Swans are arguably the kings of experimental music. Whether it be them rising to the top of the grim no wave scene in the early 80's, the as-weird-as-it-gets headf*ck of 'Soundtracks For The Blind' or their recent efforts since reuniting in 2010, Swans have always been in a field of one when it comes to the strange and they only seem to get better as time goes on. With 2014's 'To Be Kind' and last year's 'The Glowing Man', Swans seem to be at their peak having managed to craft these super long, and drawn out records, but being able to keep you firmly on course with them for the journey they take you on, thanks to tons of groove and hypnotic charm. They hit Leeds tonight for a show that nothing can prepare you for.

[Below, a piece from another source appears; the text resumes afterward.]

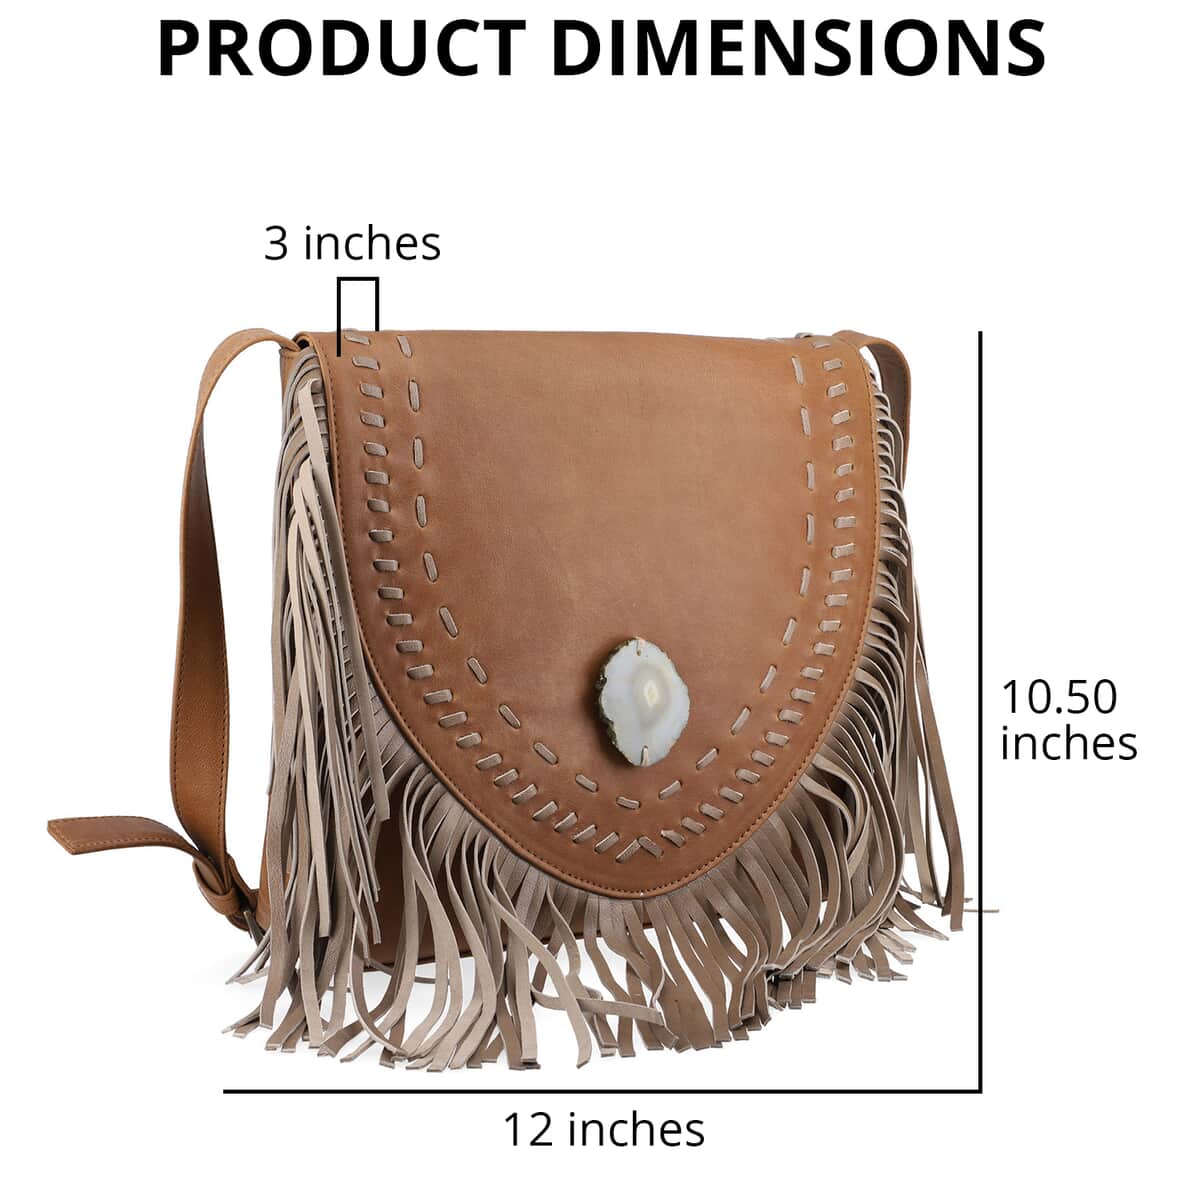 "100% Genuine Leather Crossbody Bag with Agate Stone and Matching Fringes SIZE: 14(L)x3(W)x10.5(H) Inches COLOR: Gray" image number 3

Before Swans melt you though, Little Annie delivers an incredibly moving, tender set. Her songs are delicate and soulful and her voice is so warm and charming, that it feels like a blanket comforting you. If you like your music gentle, check this lady out.
For the first several minutes, it feels like they're building something, with creaking, ringing out feedback from minimal playing of their instruments. Their structure develops into a monolith, that won't be taken down by anything for the next two and a half hours Swans play. There's a lot to Swans' sound that makes them impenetrable and the first and most important aspect is how sinfully loud Swans play. Seriously, even when it comes to the light, gentle parts of their songs, it'll leave your body shaking and your ears clinging for dear life, probably because of the several amps Swans have with them. Naturally when Swans do come at you in full force, with barrages of sledgehammer like guitar stabs, it leaves you feeling fragile.
Another thing that makes Swans so powerful, is the many things going on. At first glance, the drawn out, sluggish epics seem to be just about drones, but whether it be Phil Puleo's commanding drumming, Christoph Hahn's blistering noise on lap-steel guitar or, frontman Michael Gira's haunting croon. There are many threads weaved into this fabric and with each element being so possessive, but each doing its own thing, you feel your body getting pulled in different directions, like multiple puppet masters each having strings on you. Something may be slow and hypnotic, whilst another aspect is being noisy and chaotic and you'll find your body to be in a state of option paralysis, not knowing how to react to such music. However, everything's woven so seamlessly that you're locked in at all times, no matter what's going on.
It can't be emphasised enough how fricking loud this band are. The closest thing that comes to a sing along tonight is the tribal like chants of 'Screen Shot' and you can see some kids at the front yelling the words as loud as they can, right in each other's faces, to see if they'd be able to hear each other, but you're not going to make any noise that will be heard in a Swans show unless you're armed with their loud know how.
It's always impressive when a band that are a few decades old can still kill it live, but in the case of Swans, it's almost like all those years were needed for them to get to this level of impressive. Like it would take years of knowledge, study and experience to be this skilled at their craft. When this show comes to an end, it feels like you've crashed back to Earth from another realm. Swans have a hold of you so tightly and for so long, that it takes time to readjust back to the outside world when they let you go. No matter how much time goes by, you're going to want them to take a hold of you again someday.